3. The method in accordance with claim 1 in which,

(a) The said beam entering the said face of the prism is normal to the plane of that face.

3. The method in accordance with claim 1, and

(a) adjusting the angle of incidence of the beam of un-polarized laser light on the prism to accommodate for variations in the wavelength of the un-polarized laser light to achieve a desired end result separation of the S and P components.

4. The method in accordance with claim 1 and,

(a) passing the light emerging from the coated hypotenuse of the first said prism through an air-gap and onto the hypotenuse of a second, right angle prism made of a isotropic material,

b. the hypotenuse of the second prism being parallel to the hypotenuse of the first said prism,

c. passing the separated P-component through the second said prism to emerge from one of the faces including the right angle, substantially parallel to the beam incident on the first said prism.

5. The method in accordance with claim 4 in which,

a. the hypotenuse of the second prism having a dielectric coating.

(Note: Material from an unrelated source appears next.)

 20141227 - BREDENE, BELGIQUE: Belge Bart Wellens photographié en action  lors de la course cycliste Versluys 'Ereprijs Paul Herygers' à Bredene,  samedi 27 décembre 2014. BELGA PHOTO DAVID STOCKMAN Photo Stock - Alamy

6. A laser polarizer comprising,

b. a right-angled prism made of isotropic material defining a hypotenuse and two included angles between the faces making up the right angle and the hypotenuse,

c. means for impinging a beam of un-polarized, laser light defining an S-constituent and a P-constituent on one of the faces of the prism including the right-angle(c) a dielectric coating on the hypotenuse of the prism,

d. the net refractive index of said coating being selected such that a desired percent of the S-constituent is totally internally reflected and a desired percent of the P-constituent is transmitted from the coating on the hypotenuse.

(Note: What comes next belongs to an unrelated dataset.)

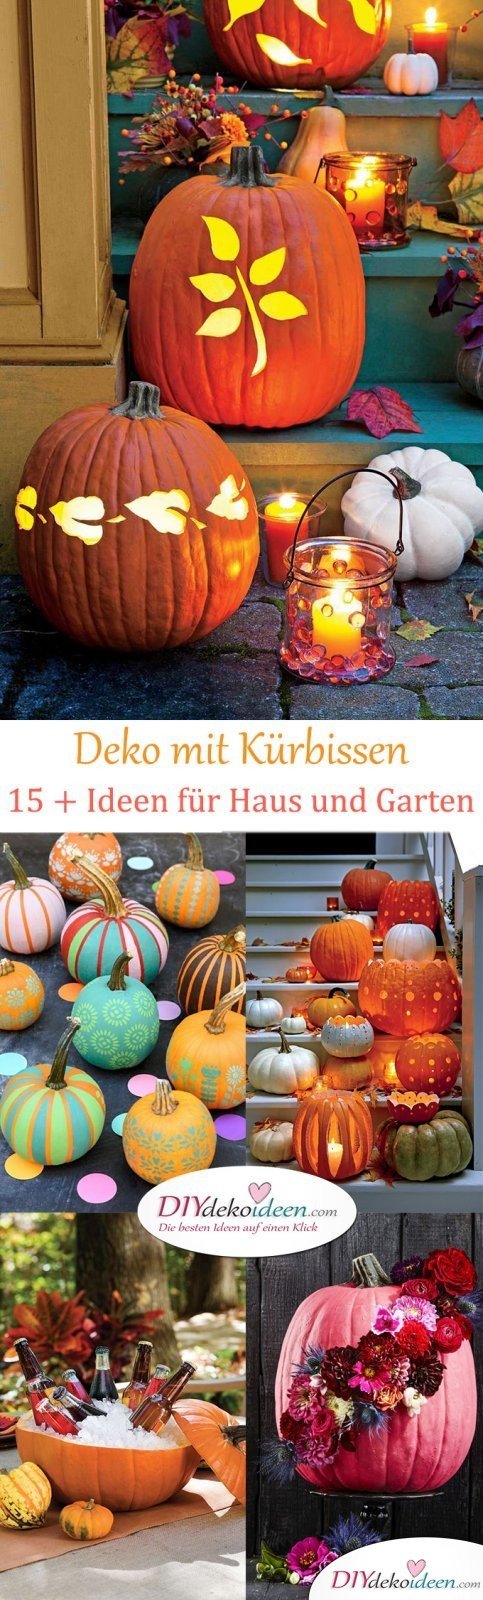 Deko mit Kürbissen im Herbst - Über 15 Dekoideen für Haus und Garten

7. A laser polarizer in accordance with claim 5, and

a. a second right-angle prism made of isotropic material defining a hypotenuse and two included angles between the faces making up the right angle and the hypotenuse in interrupting relationship to P-constituent light emerging from the hypotenuse of the first prism,

b. an air-gap between the hypotenuse of the first prism and the hypotenuse of the second prism,

c. the hypotenuse of the second prism being substantially parallel to the hypotenuse of the first prism, and

f. the net refractive indices of the second prism and its position with respect to the position of the first prism being selected so that the P-constituent emerges from the second prism substantially parallel to the beam incident on the first said prism.

8. A laser polarizer in accordance with claim 7 and,

a. means for adjusting the angle of incidence of the said beam on the first prism to increase the separation of the S and P constituent thereof emerging therefrom for any given wave-length range.